All submissions will undergo a peer-review process consisting of three reviews by experts in the field, and evaluated according to relevance to the workshop theme, technical soundness, creativity, originality, and impactfulness of method/results. Lightning round submissions will be evaluated primarily for relevance to the workshop.

Submission Process

Authors are invited to submit papers of at most 4 pages in PDF format, excluding references, and lightning presentations of at most 2 pages in PDF format, excluding references. Papers must be submitted in PDF format (readable by Adobe Acrobat Reader 5.0 and higher) and
formatted for 8.5in x 11in (U.S. Letter). Please use the sigconf configuration in the new combined LaTeX template from ACM available at http://www.acm.org/publications/article-templates/proceedings-template.html

We believe that reproducible science is essential, and that SC should be a leader in this effort. As a consequence, ISAV 2019 participates in the SC reproducibility initiative and encourages submitters to include an appendix with reproducibility information. While we will not disqualify a paper based on information provided or not provided in this appendix, nor if the appendix is not available, the availability and quality of an appendix will be used in ranking a paper. For more information, see the ISAV reproducibility FAQ.

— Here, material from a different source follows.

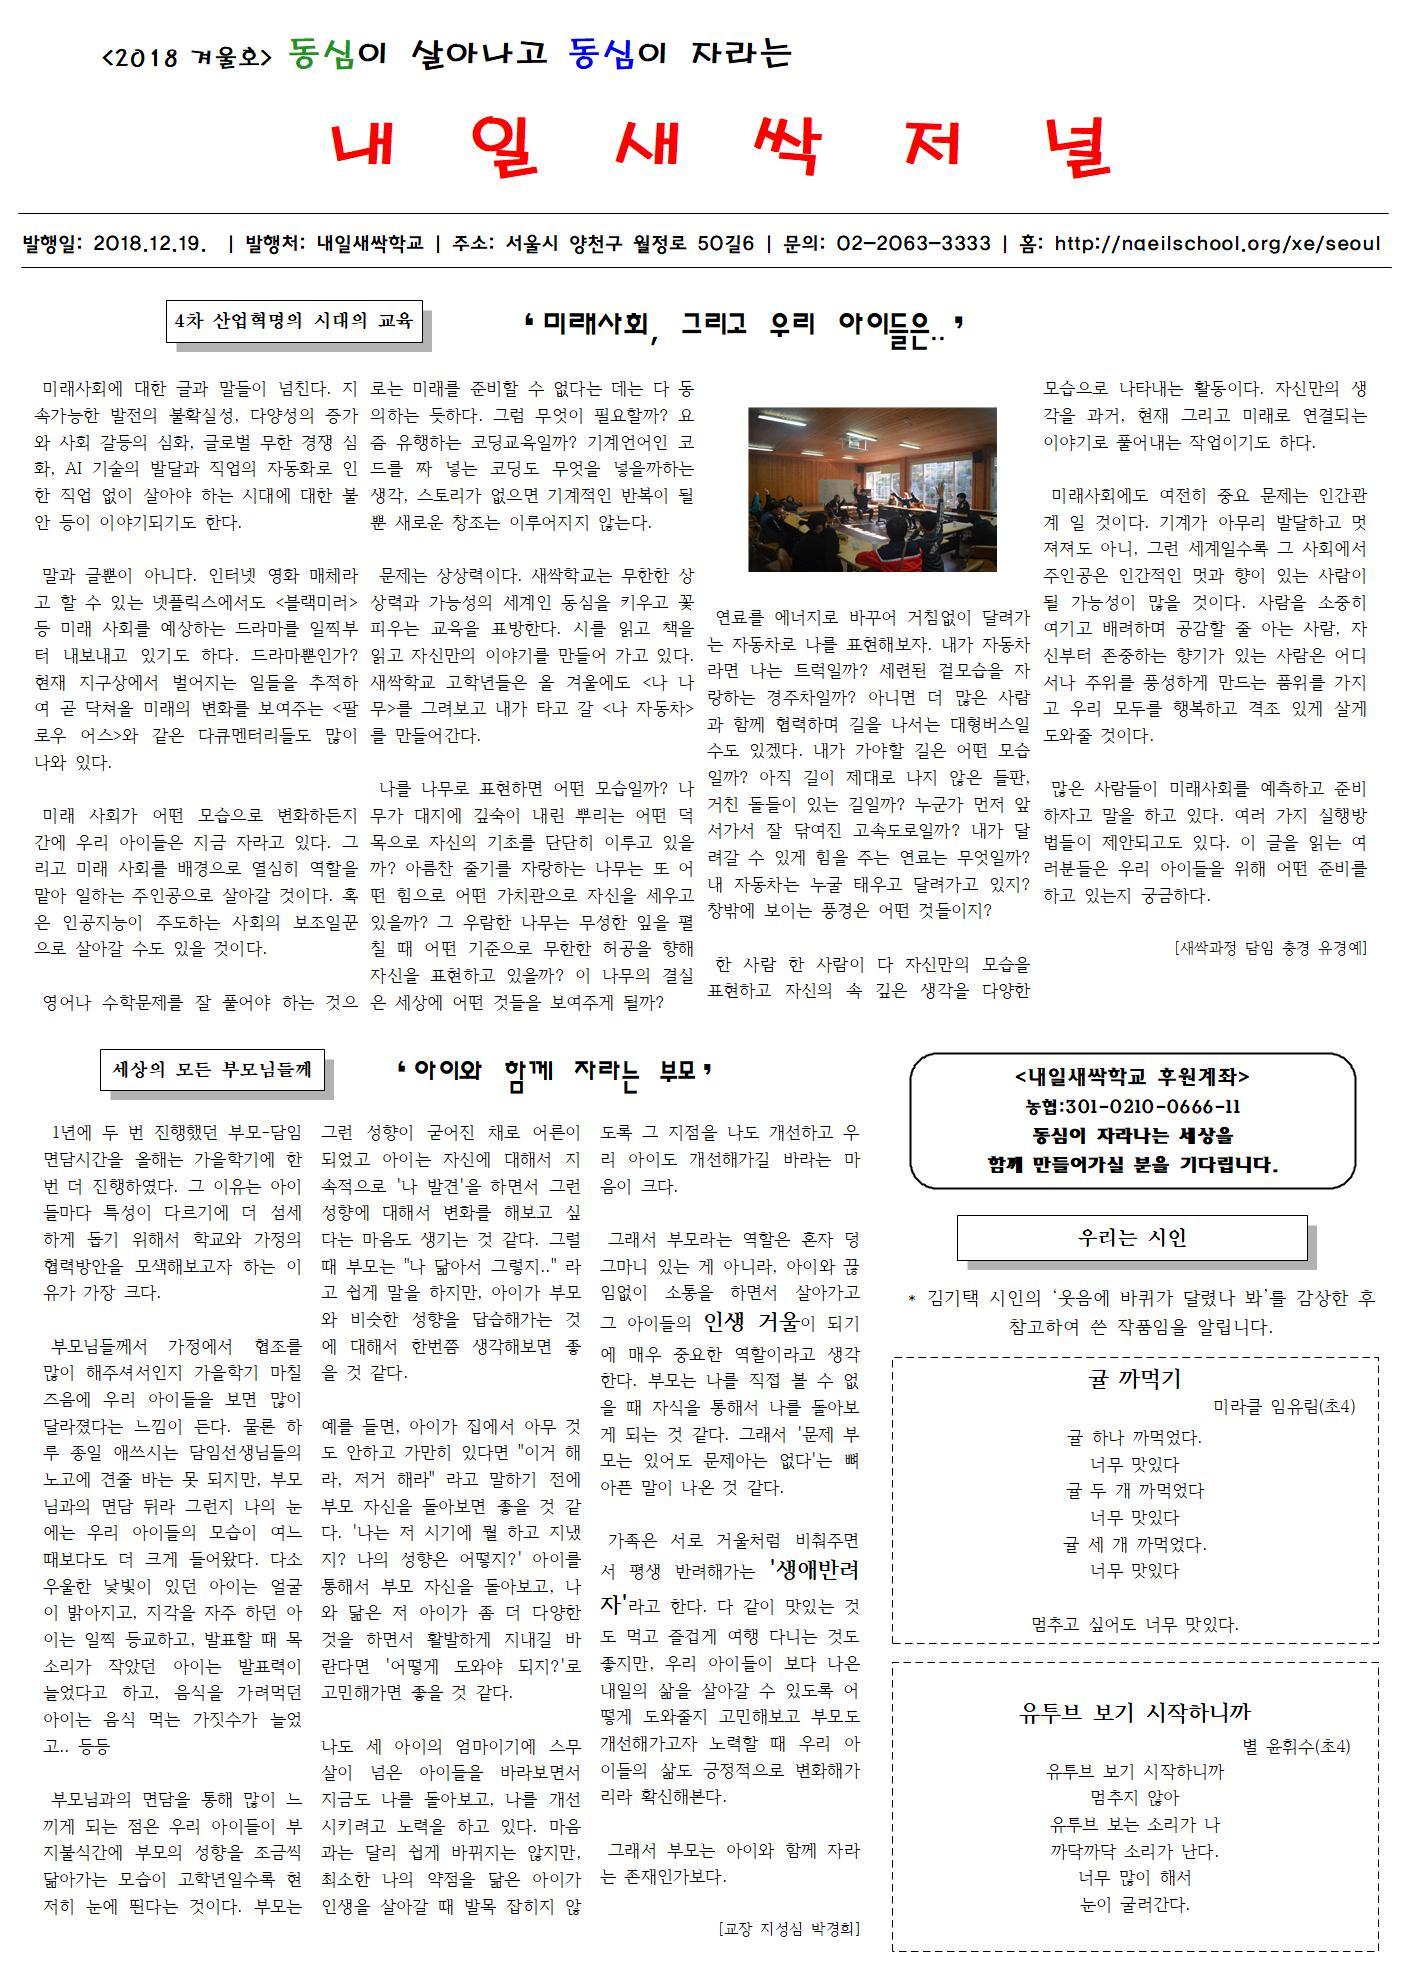 내일새싹저널(내일새싹학교) 겨울호_수정본001.jpg

Papers must be self-contained and provide the technical substance required for the program committee to evaluate their contributions. Submitted papers must be original work that has not appeared in and is not under consideration for another conference or a journal. See the ACM Prior Publication Policy for more details. Papers may be submitted at: https://submissions.supercomputing.org/?page=Submit&id=SC19WorkshopISAV2019PaperSubmission&site=sc19.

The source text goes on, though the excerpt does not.